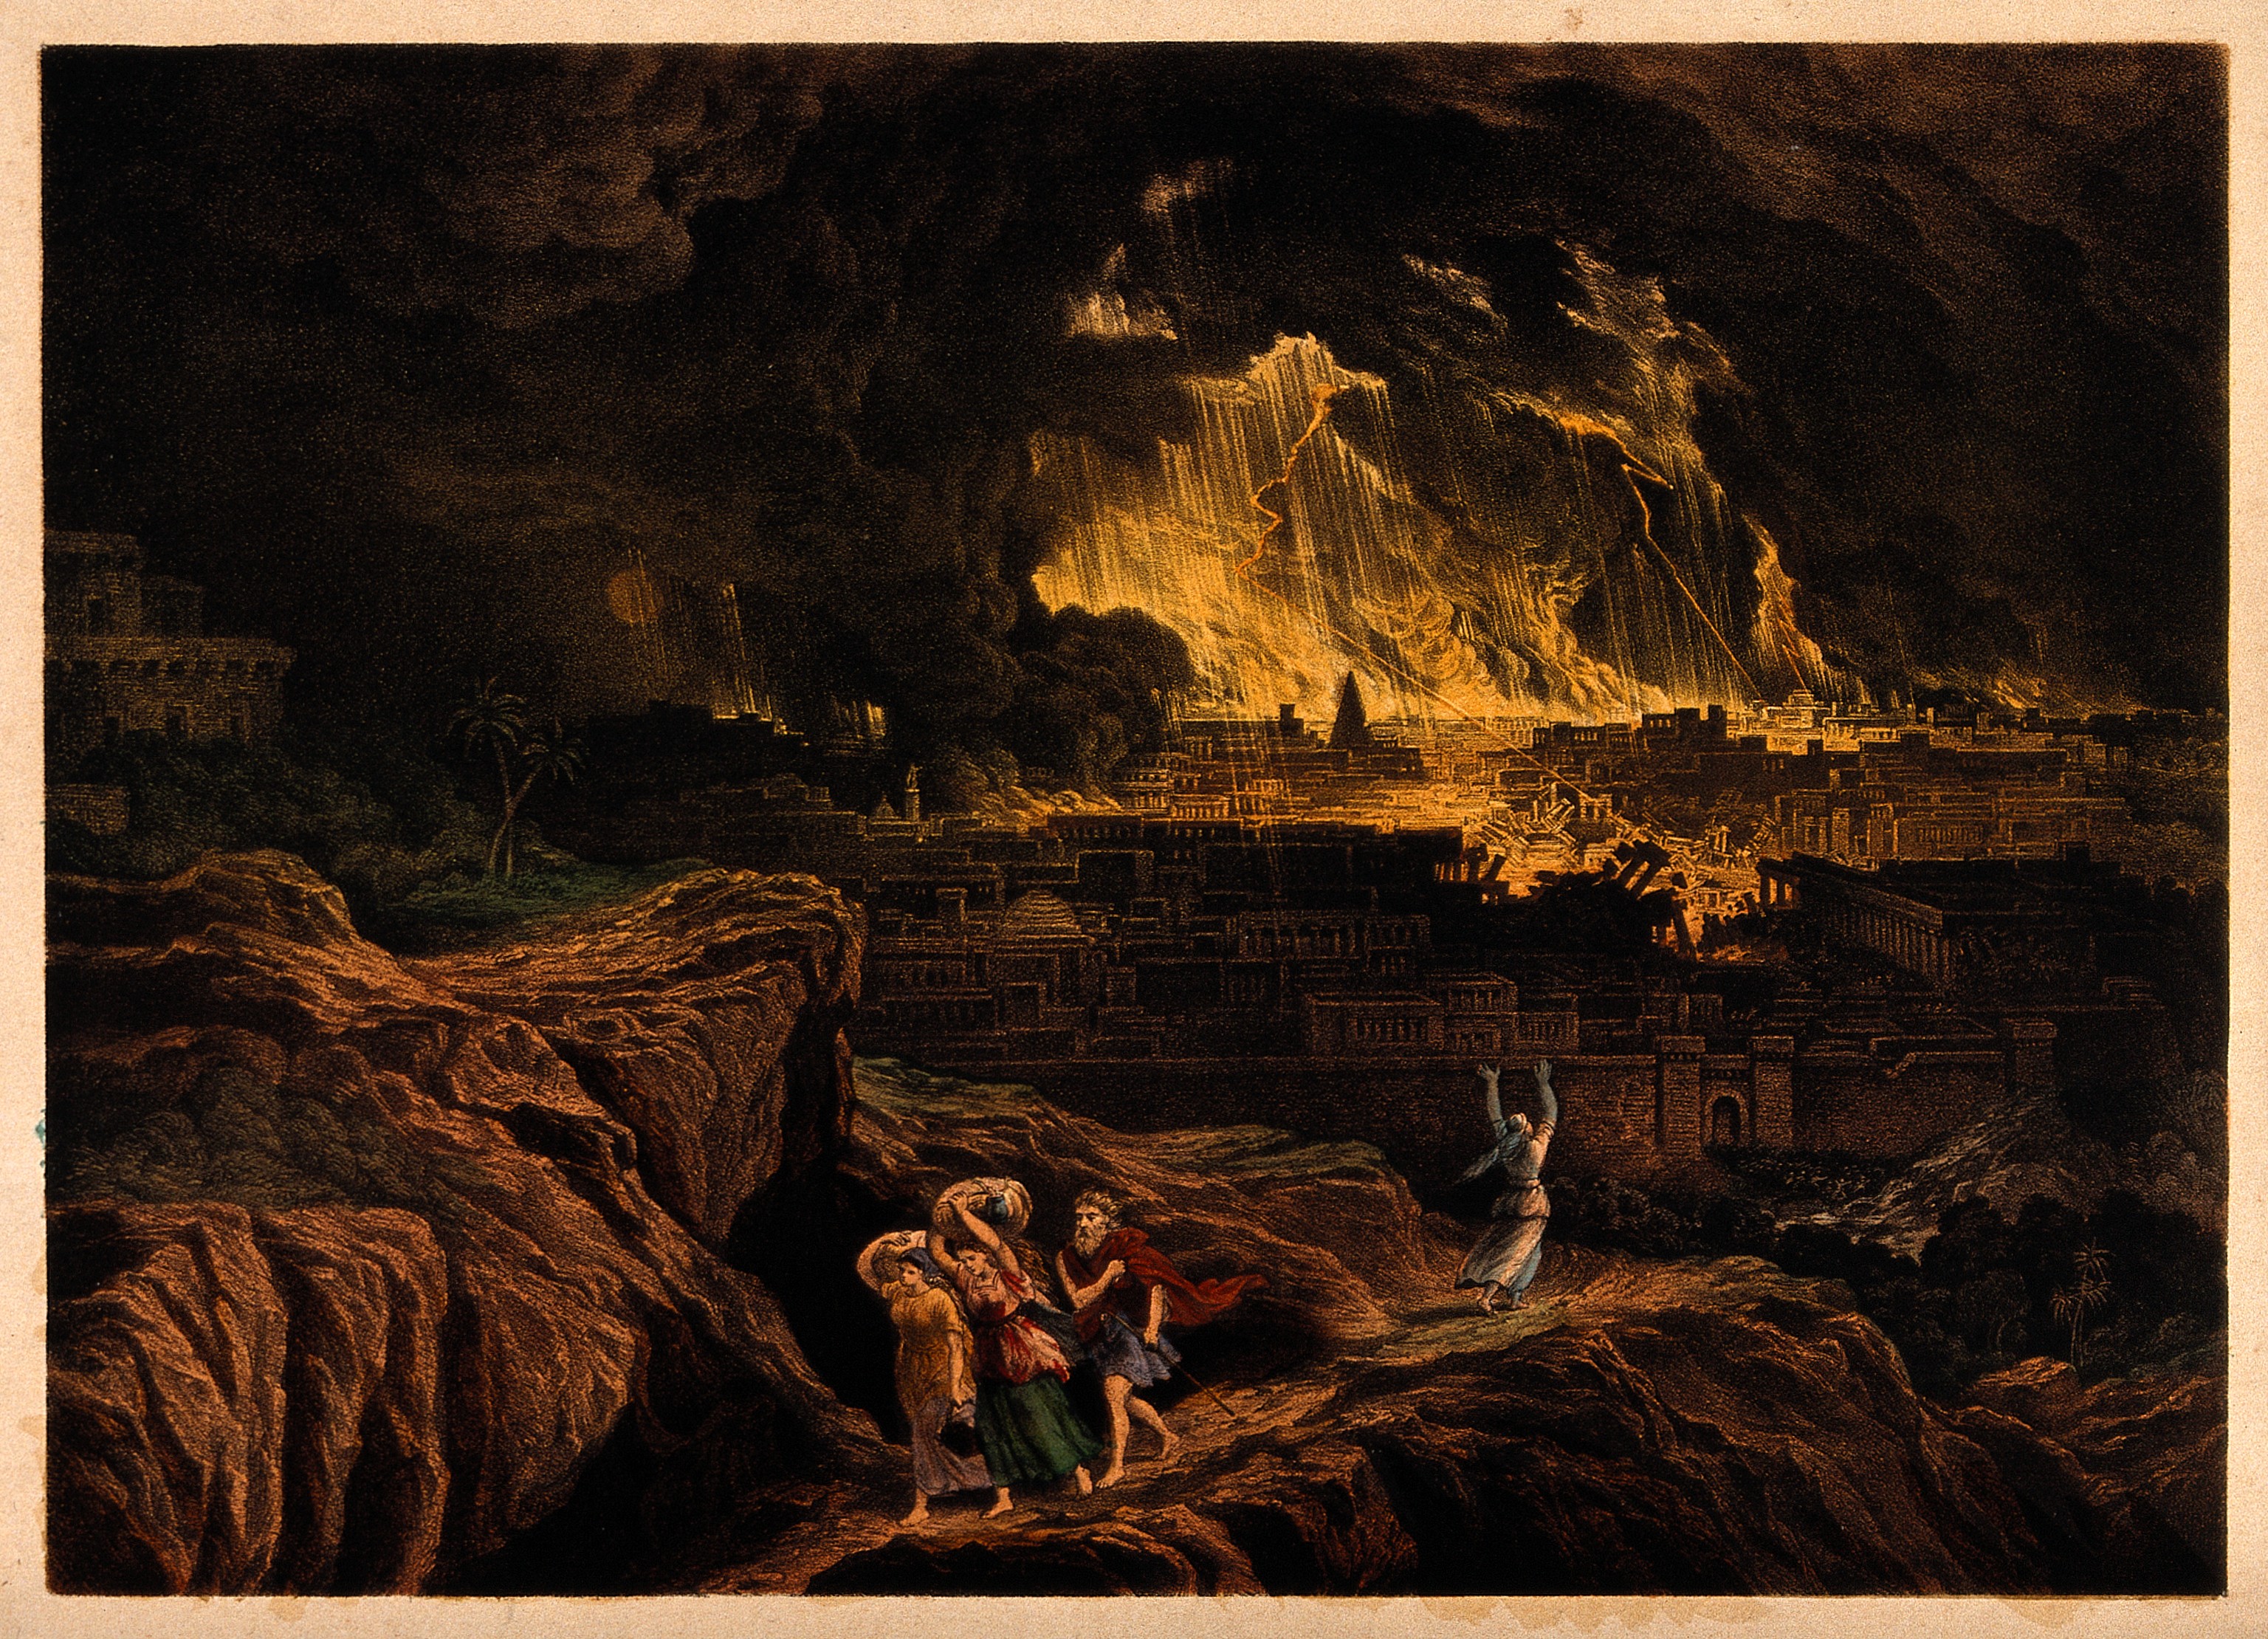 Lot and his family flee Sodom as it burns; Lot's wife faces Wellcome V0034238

——

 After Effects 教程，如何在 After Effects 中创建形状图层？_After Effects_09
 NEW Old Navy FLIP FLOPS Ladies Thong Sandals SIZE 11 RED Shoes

——

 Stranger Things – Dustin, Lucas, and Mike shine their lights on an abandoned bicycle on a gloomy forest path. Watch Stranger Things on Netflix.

——

REQUIREMENT
Which lines above run from the one containing "After Effects 教程，如何在" down to the one containing "NEW Old Navy"? Repeat exactly those, both ends included, and nothing else.

EXERCISE SOLUTION
 After Effects 教程，如何在 After Effects 中创建形状图层？_After Effects_09
 NEW Old Navy FLIP FLOPS Ladies Thong Sandals SIZE 11 RED Shoes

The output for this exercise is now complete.